** Opening Data block **

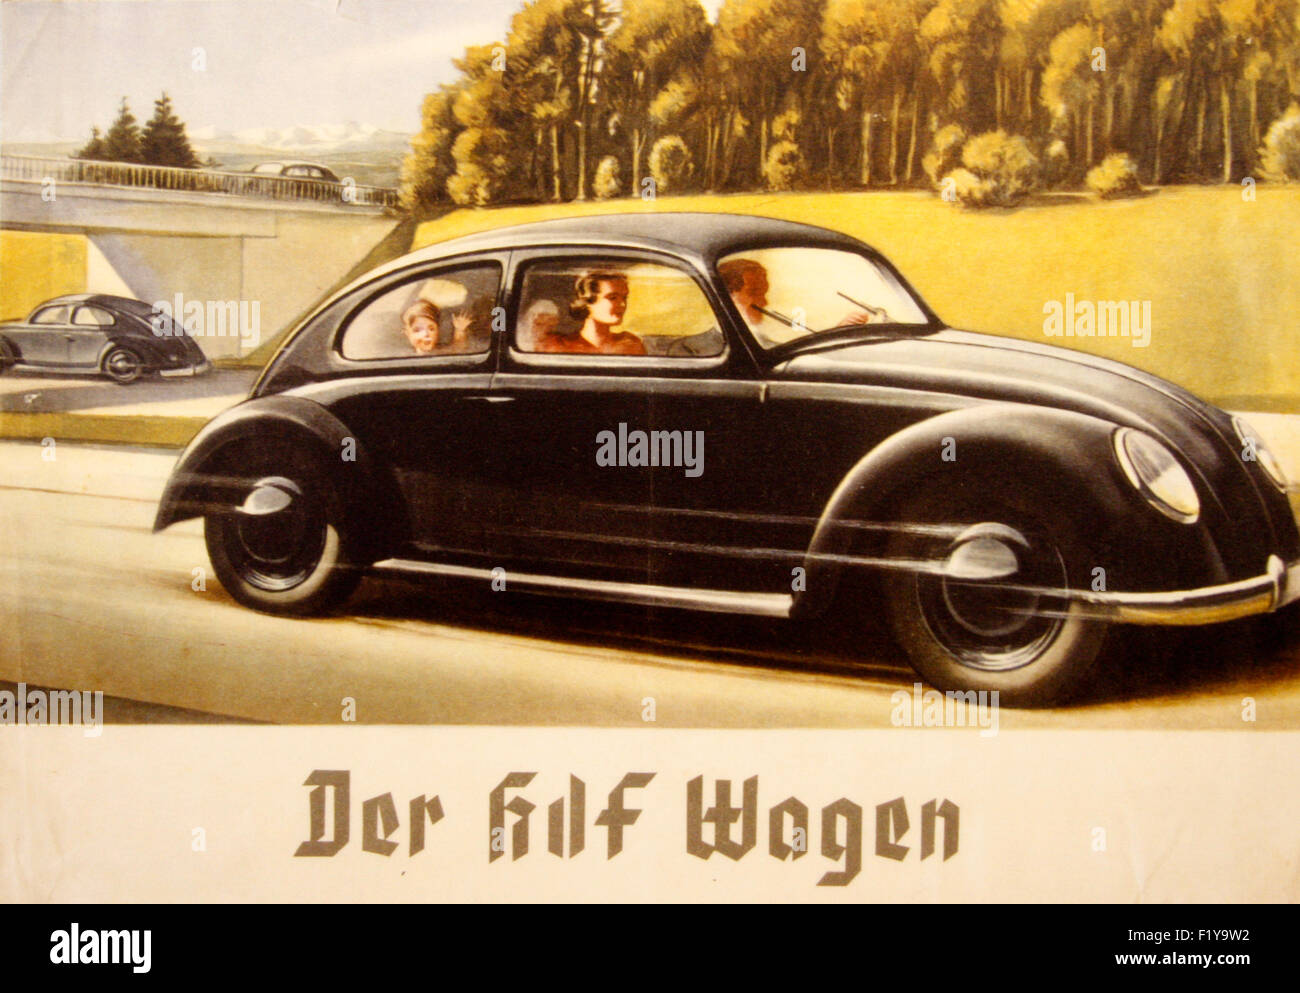 'der KDF-Wagen', Propaganda-Plakat des Dritten Reiches, Dokumentationszentrum Obersalzberg, Berchtesgaden, - Stock Image
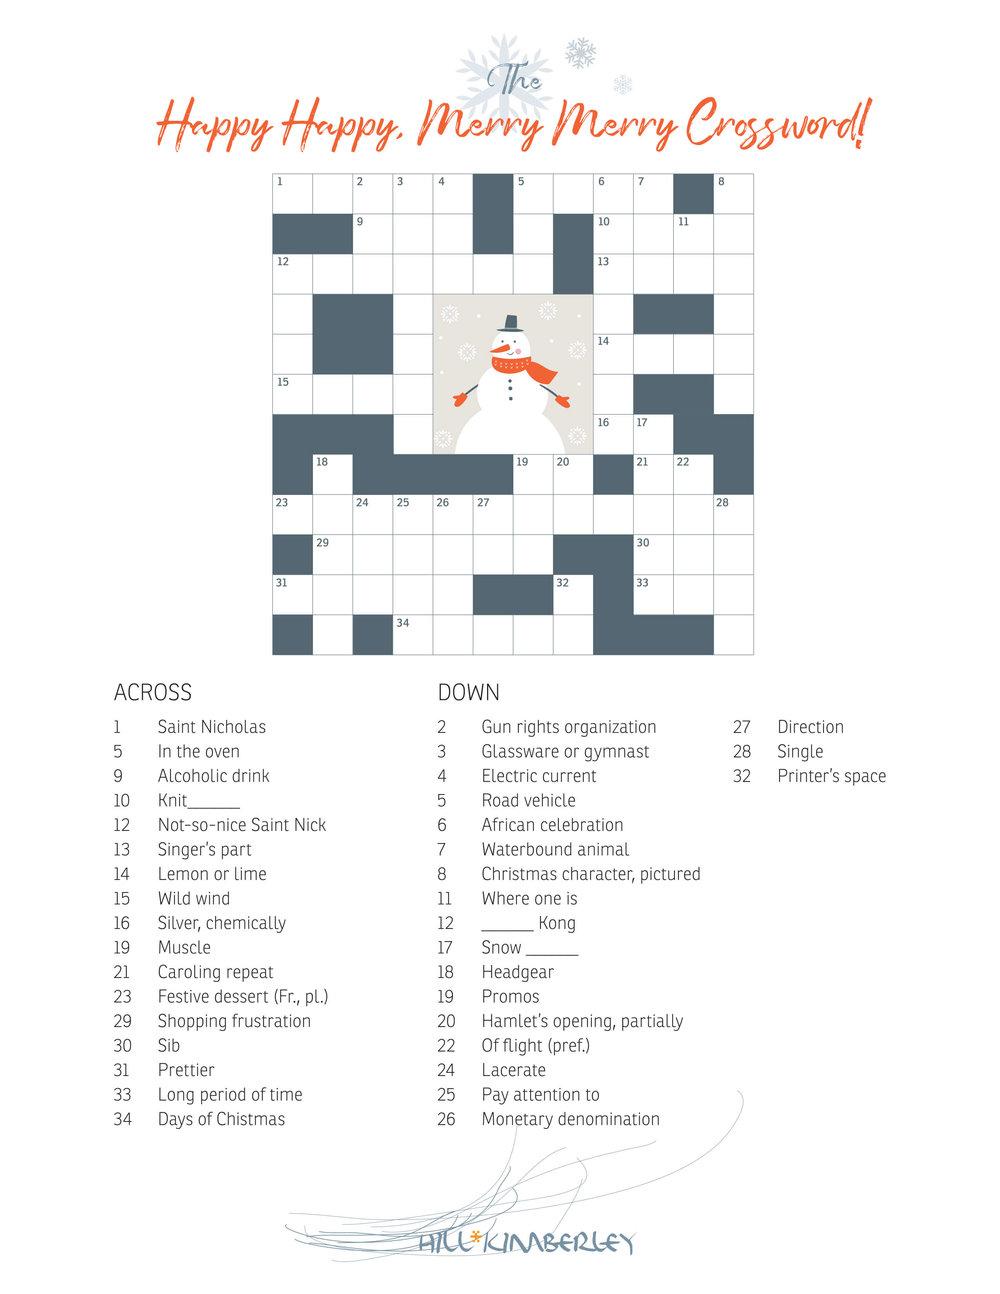 Hill-Kimberley_Christmas crossword 2018.jpg
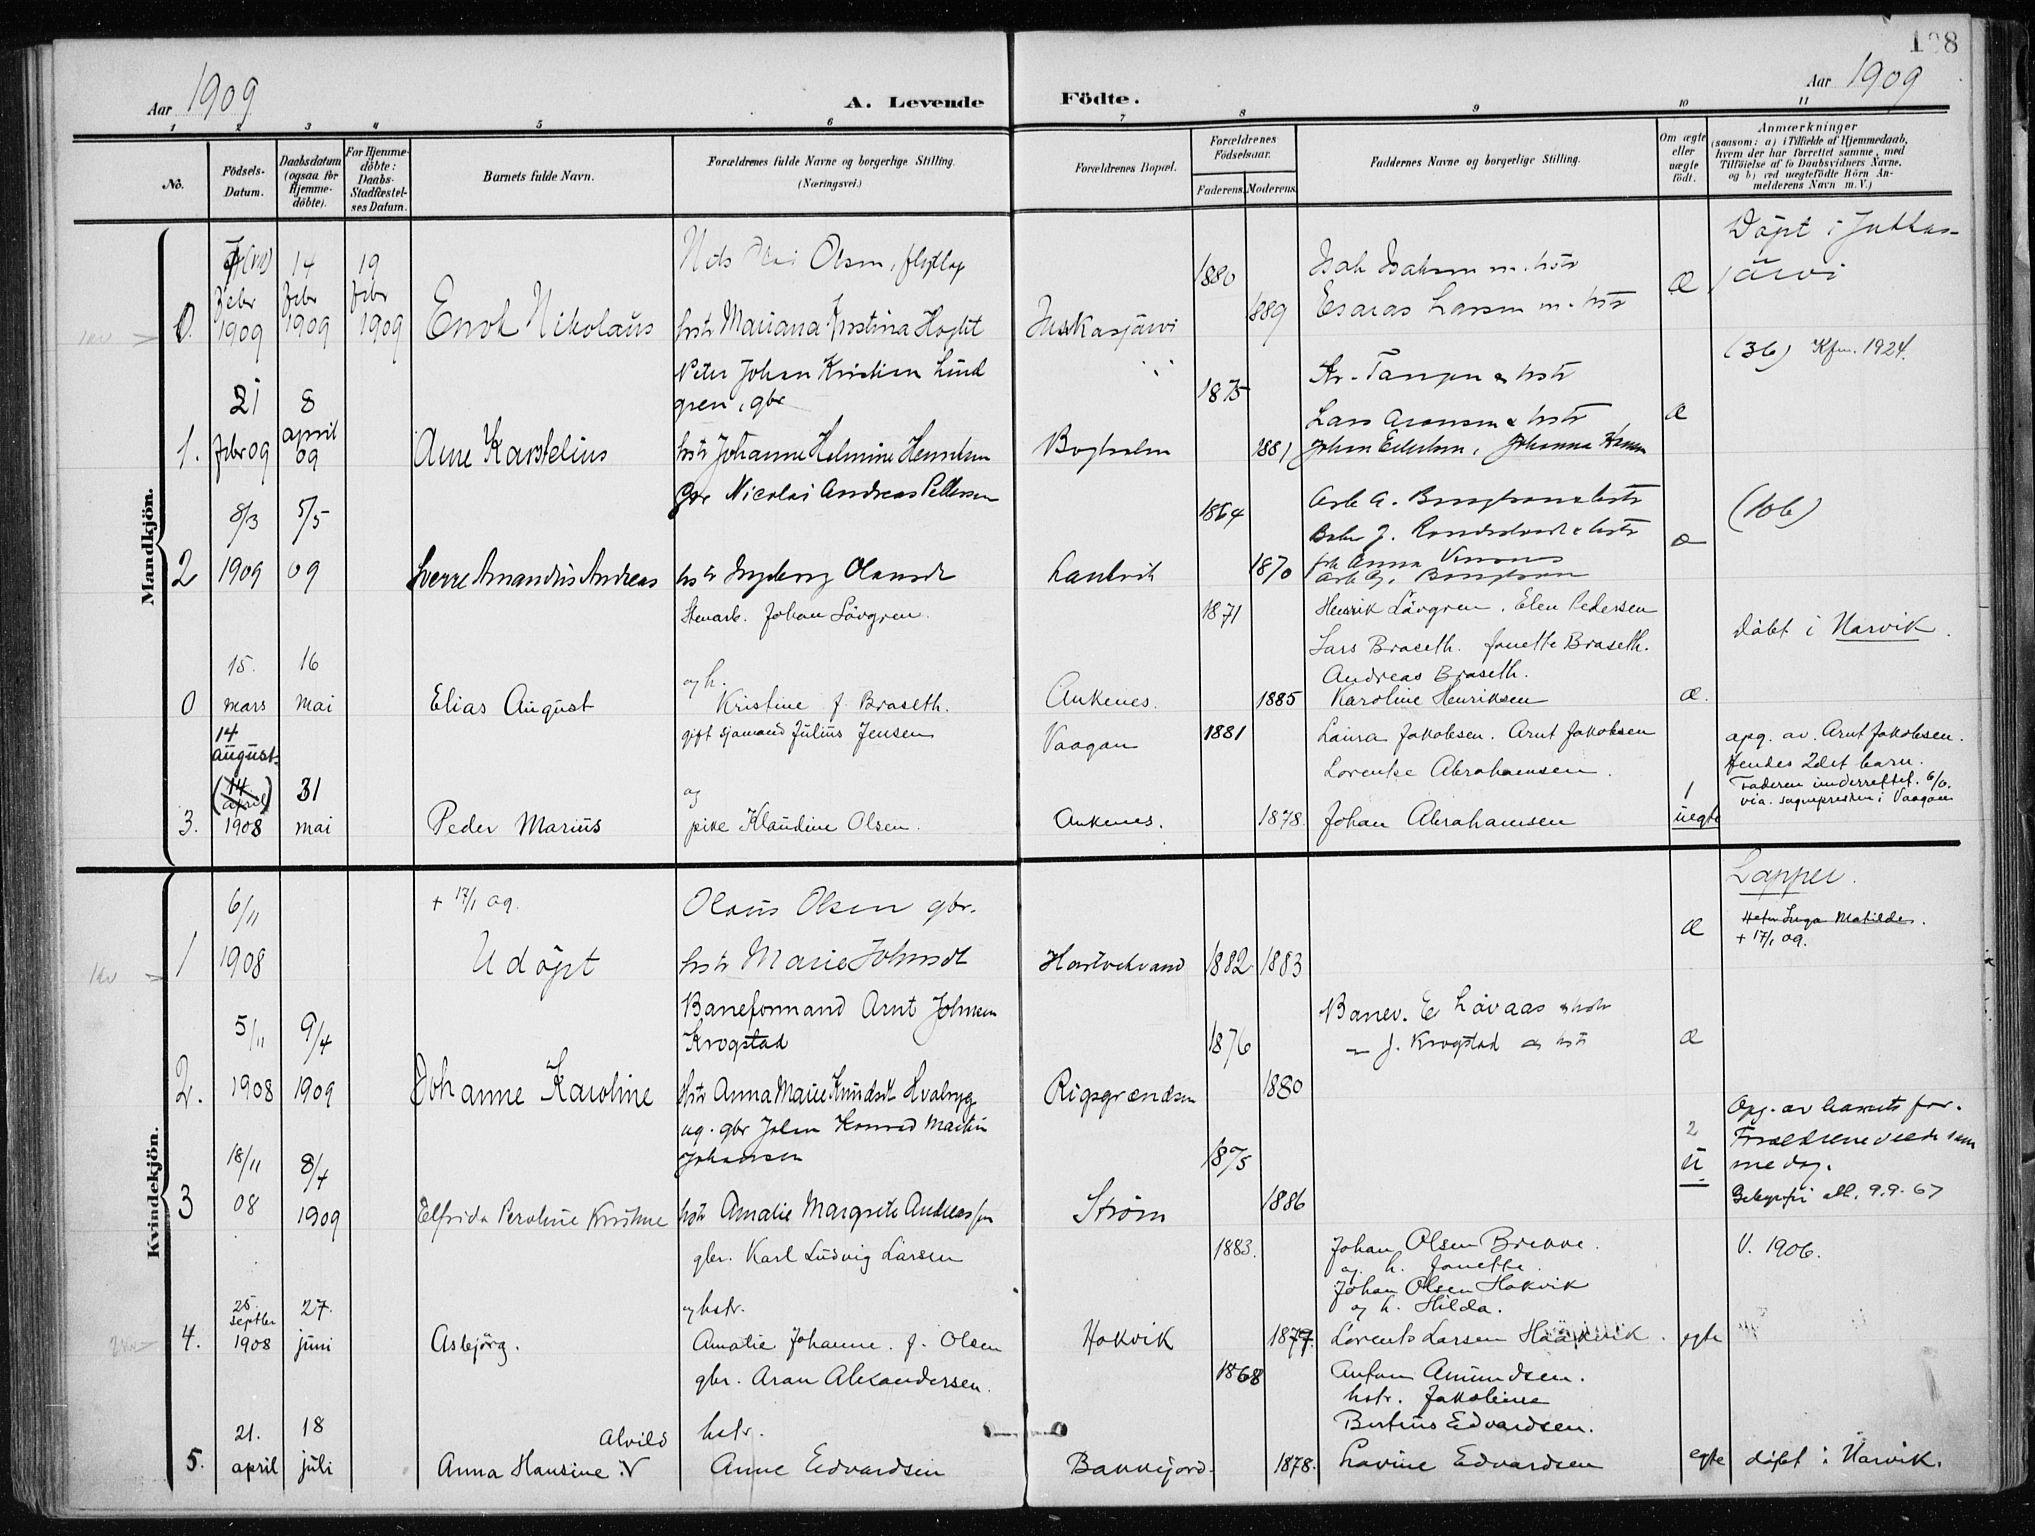 SAT, Ministerialprotokoller, klokkerbøker og fødselsregistre - Nordland, 866/L0941: Ministerialbok nr. 866A04, 1901-1917, s. 108

** Closing Data block **

■ **Task brief**
For this exercise, transcribe the data exactly but without its pictures.

■ **Task result**
 'der KDF-Wagen', Propaganda-Plakat des Dritten Reiches, Dokumentationszentrum Obersalzberg, Berchtesgaden, - Stock Image
 Hill-Kimberley_Christmas crossword 2018.jpg
 SAT, Ministerialprotokoller, klokkerbøker og fødselsregistre - Nordland, 866/L0941: Ministerialbok nr. 866A04, 1901-1917, s. 108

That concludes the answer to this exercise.